Joe Cracknell pouched the catch, his third of the innings – and a routine one by comparison with the second, when he raced from deep midwicket to long on and dived for a spectacular one-handed grab that removed visiting skipper Jack Taylor.
Cullen also claimed the wicket of the big-hitting Marchant de Lange to finish with three for 38, while Martin Andersson took two for 30 as Graeme van Buuren’s unbeaten 28 from 19 nudged Gloucestershire above 180.
Middlesex kept up with the required run-rate of nine at the start of their pursuit, with Cracknell sweeping Tom Smith’s first delivery to the boundary and bisecting the leg-side fielders perfectly to collect four more off David Payne.
He and Eskinazi scored freely as they accumulated a partnership of 78 from 48 but Cracknell, having reverse-swept Smith for four, was lbw for 42 from 28 attempting to repeat the shot later in the over.
Eskinazi began to impose himself on the Gloucestershire spinners, pumping van Buuren over long-on for two sixes, but Ollie Price boosted the visitors’ prospects with a single over of off-breaks that accounted for both Max Holden and Pieter Malan.
De Lange backed up Price’s double strike in the next over, firing one through Eskinazi’s defences to take out his middle stump, but Hollman and Higgins stopped the rot with their spirited counter-attack.
Hollman took two fours off Matt Taylor in quick succession and thumped Payne back down the ground for another to reach 39 from 19 before he was bowled by Price, who recorded his best T20 figures of three for 21.
Eskinazi said: “I think we probably played almost the perfect T20 game, especially an outground T20 game, up until 12 balls to go.
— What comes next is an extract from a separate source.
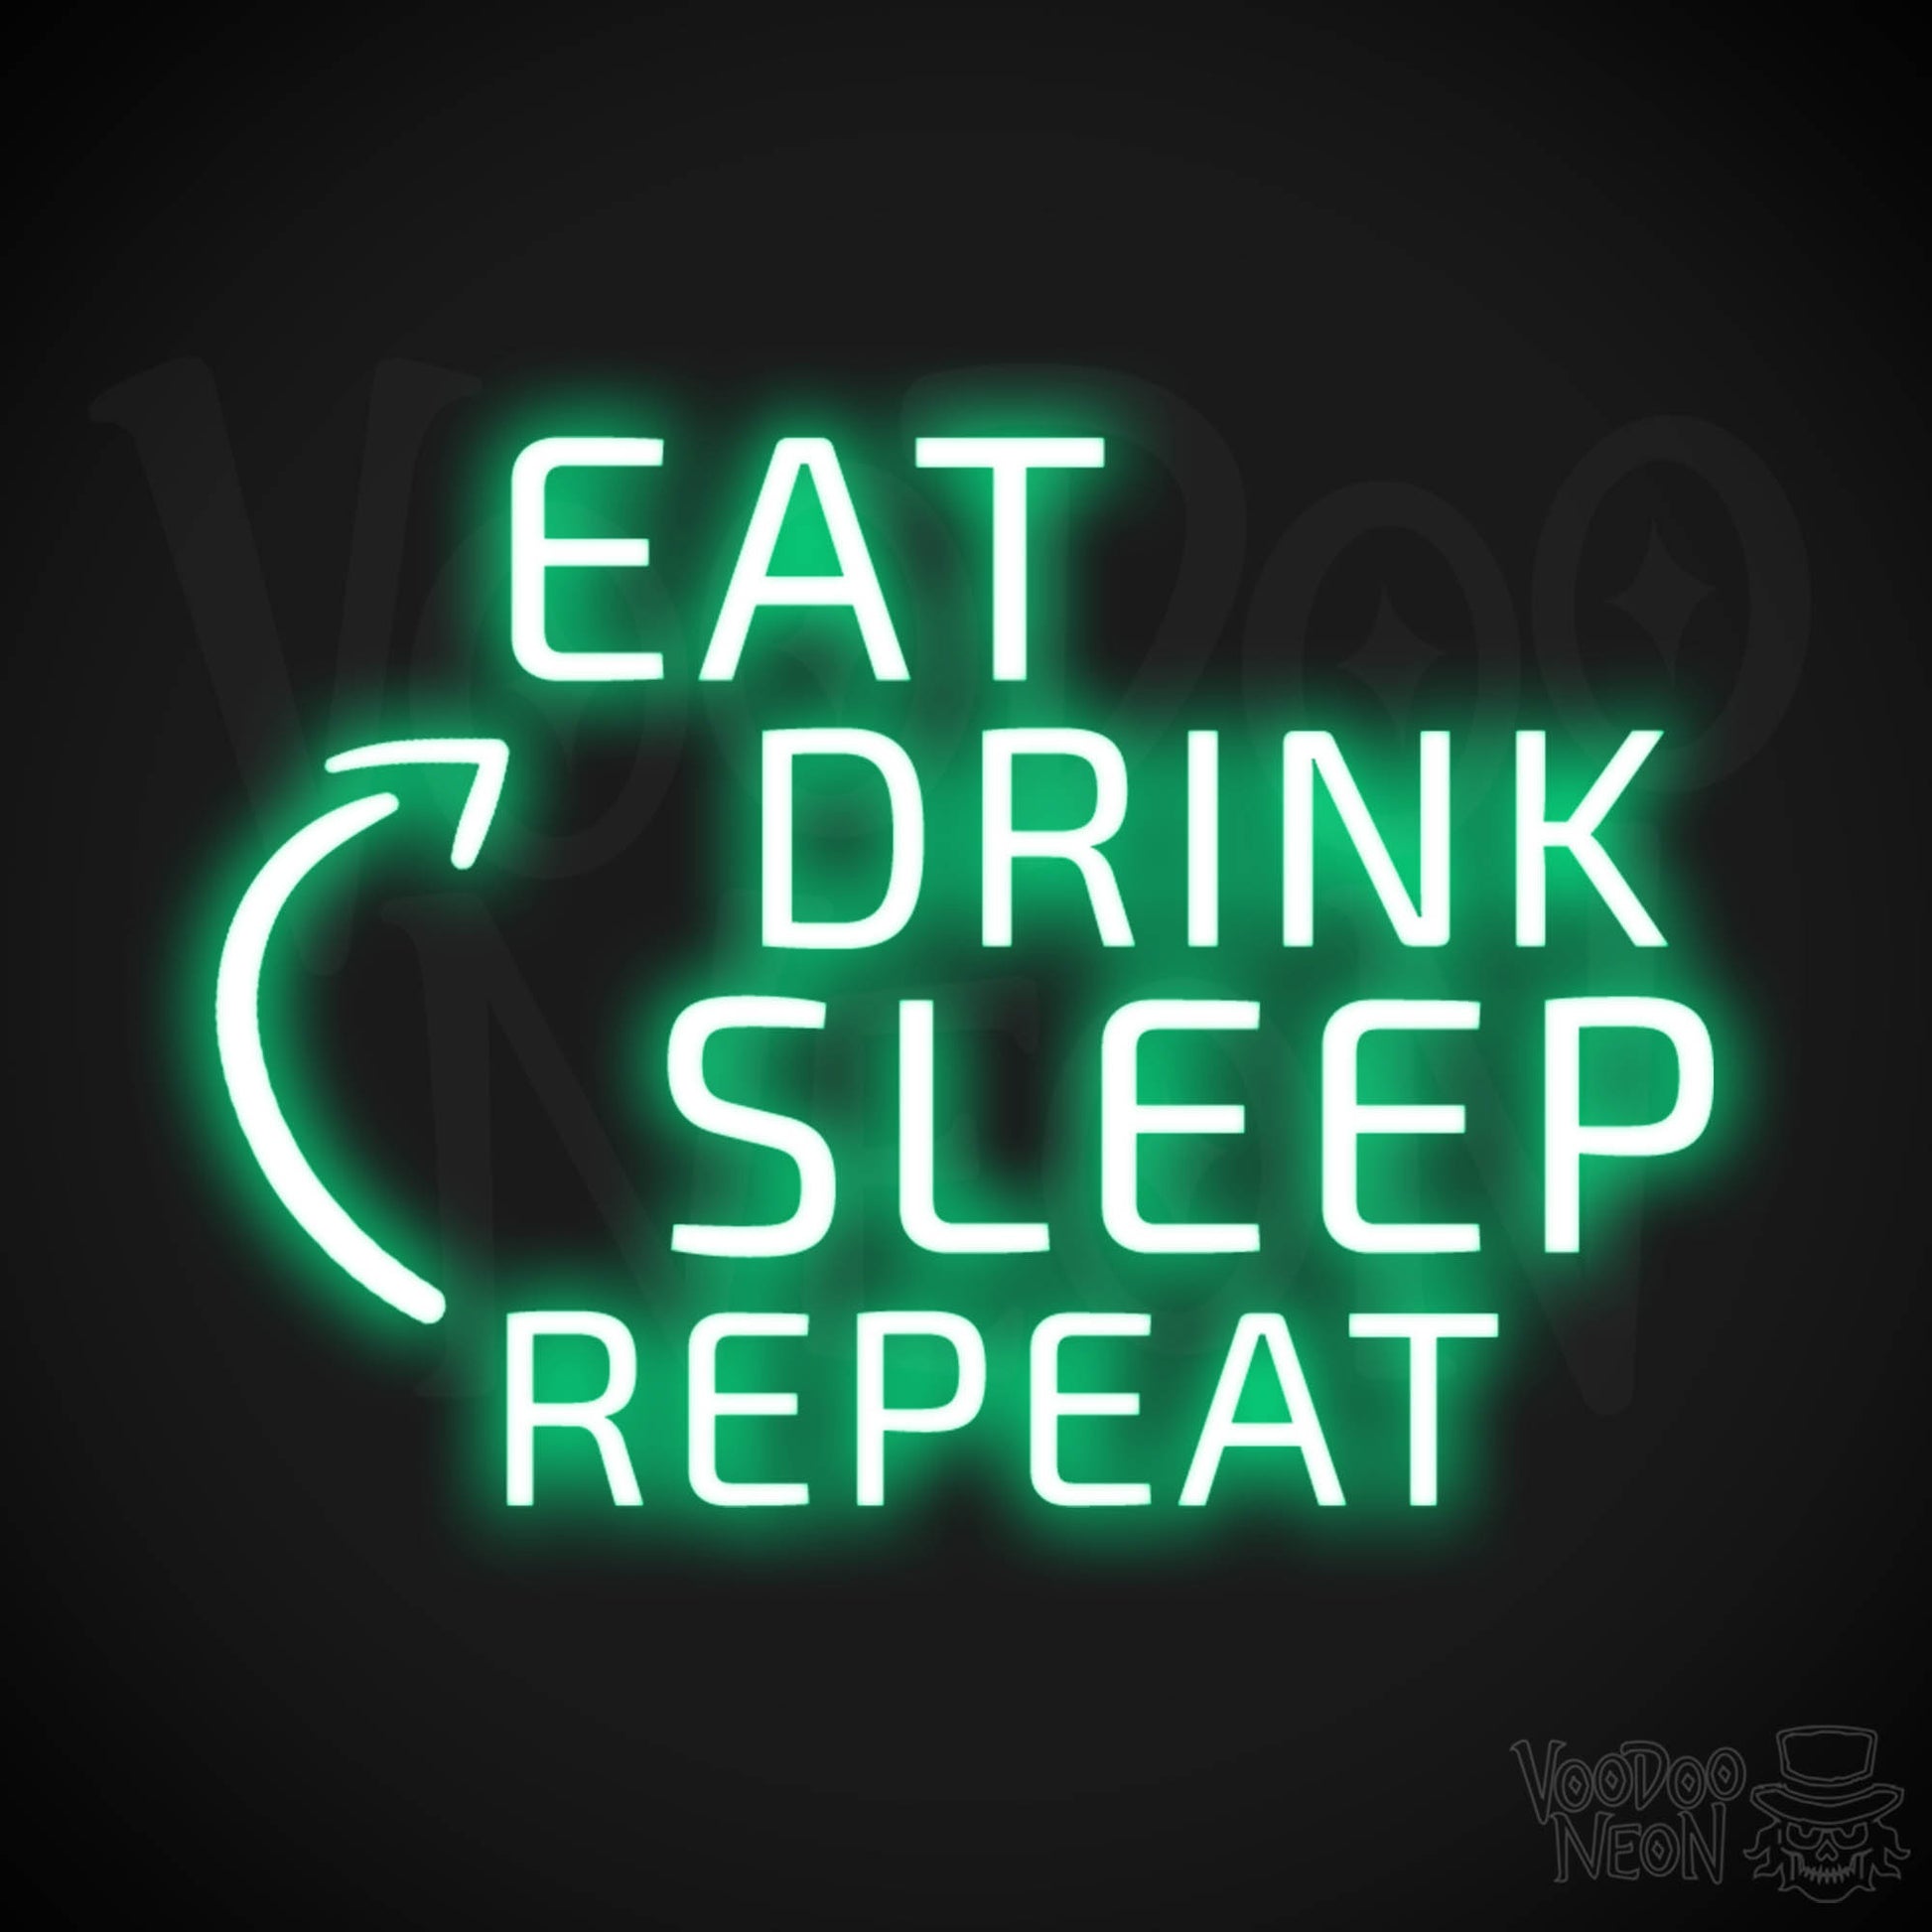 Eat Drink Sleep Repeat Neon Sign - Eat Drink Sleep Repeat Sign - Color Green

When you’re four down, with two of your most senior players at the crease, 12 off 12 – you probably win that game 999 times out of a thousand.
“It stings for sure. I don’t think I’ve ever seen that before, not with people as senior as that at the crease and I don’t think the guys need me to tell them how much it hurts the team. It’s going to be a tough one to bounce back from.
“I think the first two games you do (focus on the positives). Here you can absolutely highlight the capitulation, the brain fade. I can imagine as a supporter, when you keep getting beat and everyone says ‘there’s a positive’ it starts to lose its value.
“I could have understood if it was two young guys but with two of our most senior players, I was extremely disappointed and I’m sure they are too. We know how hard it is in this competition to win games and we’re absolutely not a team that can afford to do what we did today.”
Middlesex host Glamorgan on Wednesday (4.30pm).